Author Candice Millard sits on a desk with her arms folded across her knee. She weats a black button down top and dark blue jeans.jpg
New York Times Best-Selling author Candice Millard is the 2022 Governor's Lecture in Humanities guest speaker. (Photo courtest of Candice Millard and Humanities Nebraska)

Listen To This Story

New York Times best-selling author Candice Millard is this year’s speaker for the Governor’s Lecture in Humanities Series. The discussion will be held Wednesday, Sept. 28 at 7:30 p.m. at the Lied Center. The discussion will also be livestreamed. Throughout her career, Millard has used her skill as a journalist and author to explore, humanize and contextualize people and events in ways that may be surprising to readers. In her latest book,  "River of the Gods: Genius, Courage and Betrayal in the Search for the Source of the Nile", Millard analyzes an ill-begotten journey to discover the source of one of the most important rivers in history.
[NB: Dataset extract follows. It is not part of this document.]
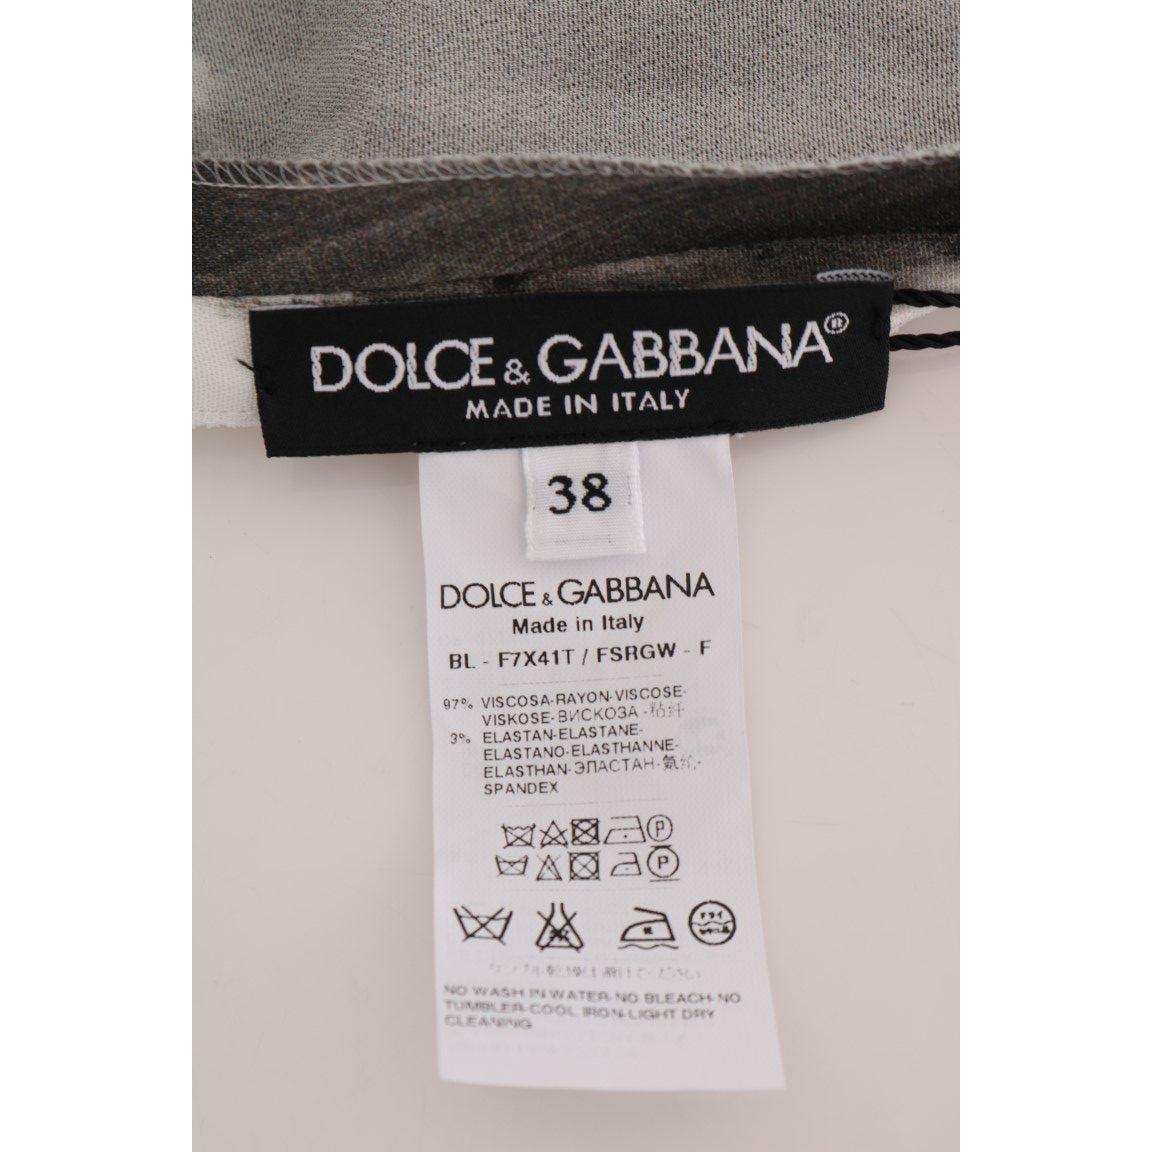 Dolce & Gabbana Elegant Striped Stretch Blouse white-black-striped-printed-blouse-top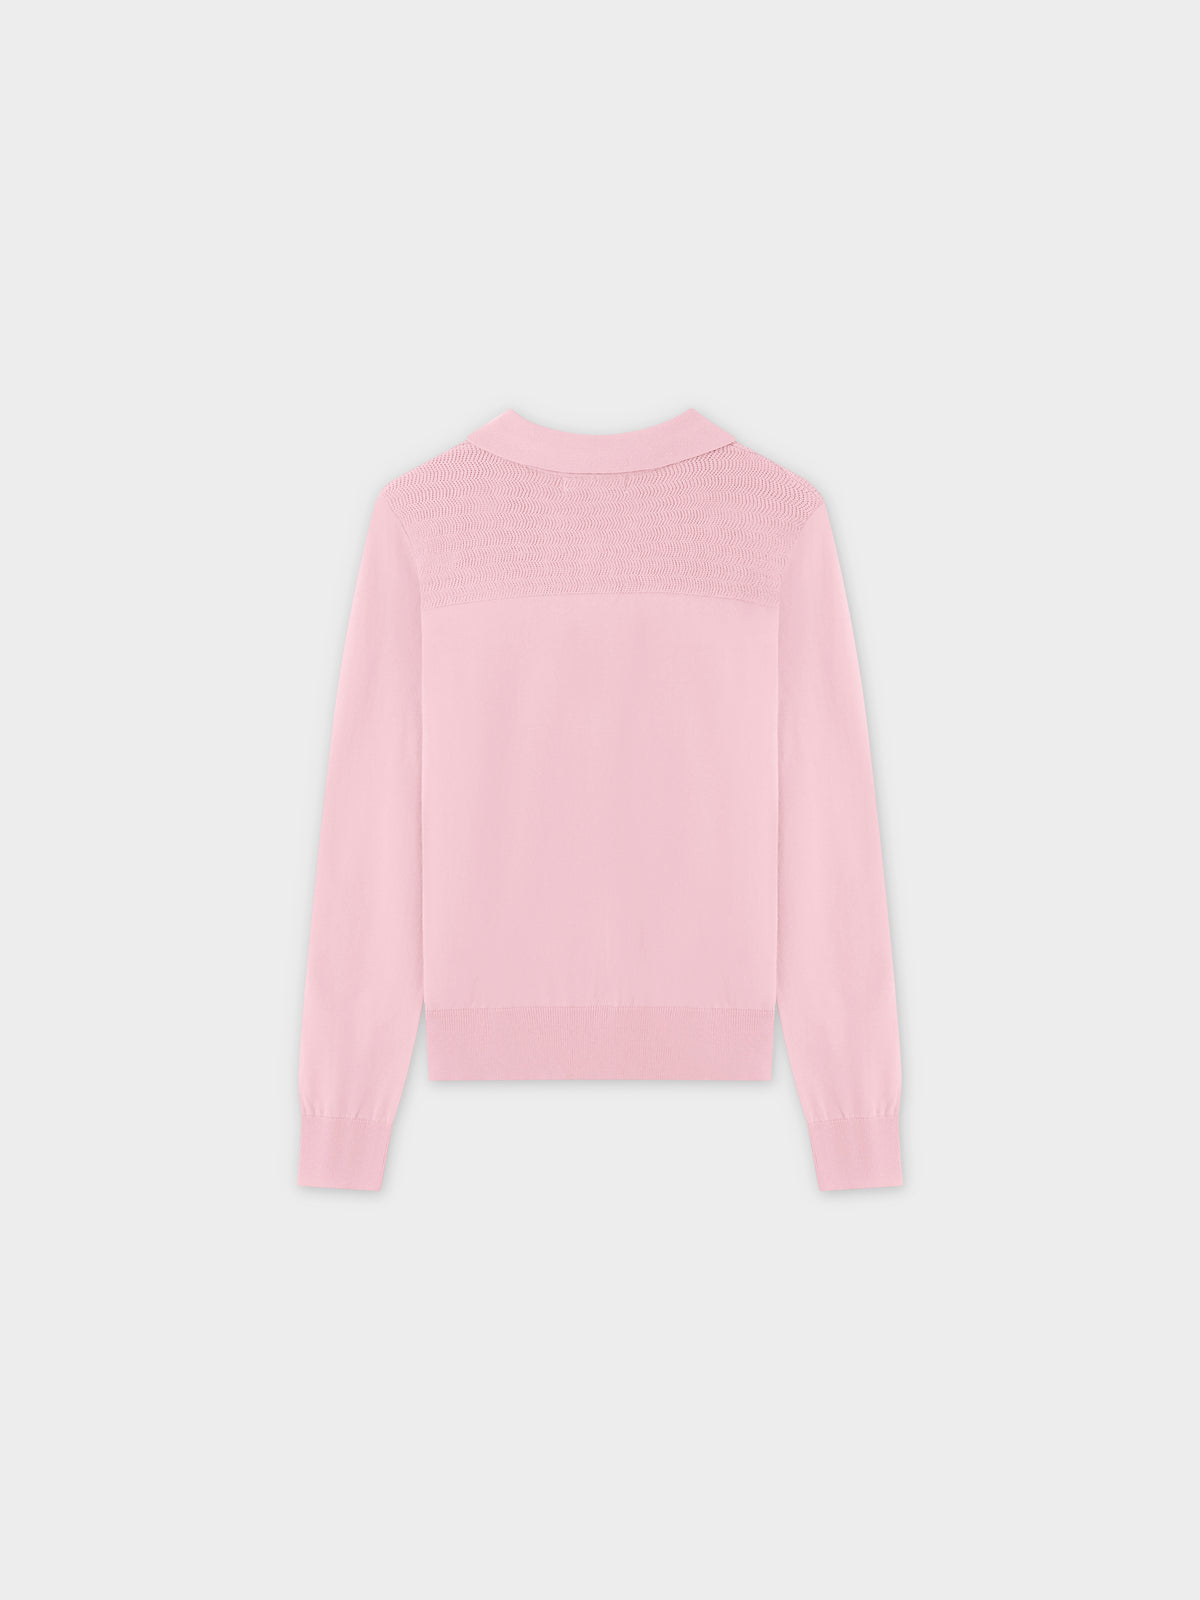 Mesh Top Sweater-Light Pink

Nebraska Public Media’s William Padmore spoke with her prior to her talk.

Editor's Note: This conversation has been edited for clarity and length.


William Padmore: Do you want to start by just telling me about your upbringing and how you fell in love with books and writing?

Millard: I grew up in a little town in Ohio, a little blue-collar town. I didn't know anyone. I didn't know any writers, anyone who was a writer. So it didn't really occur to me that I could be a writer. But I loved to read, I spent all my time going to the library and reading books. So I just knew I wanted to do something that involves books and somehow reading and so my dream for a long time was to work at National Geographic magazine. And I was finally able to make that happen when I was sort of in my late 20s. I had I have two degrees in English literature, but really interested in history. And so I was able to get a job on National Geographic magazine. I was there for six years, and I was kind of their point person for stories about history and biography stories about people. And that's what always really interested me, and so then I moved to Kansas City. I got married. My husband has a company here, and that's when I started writing books.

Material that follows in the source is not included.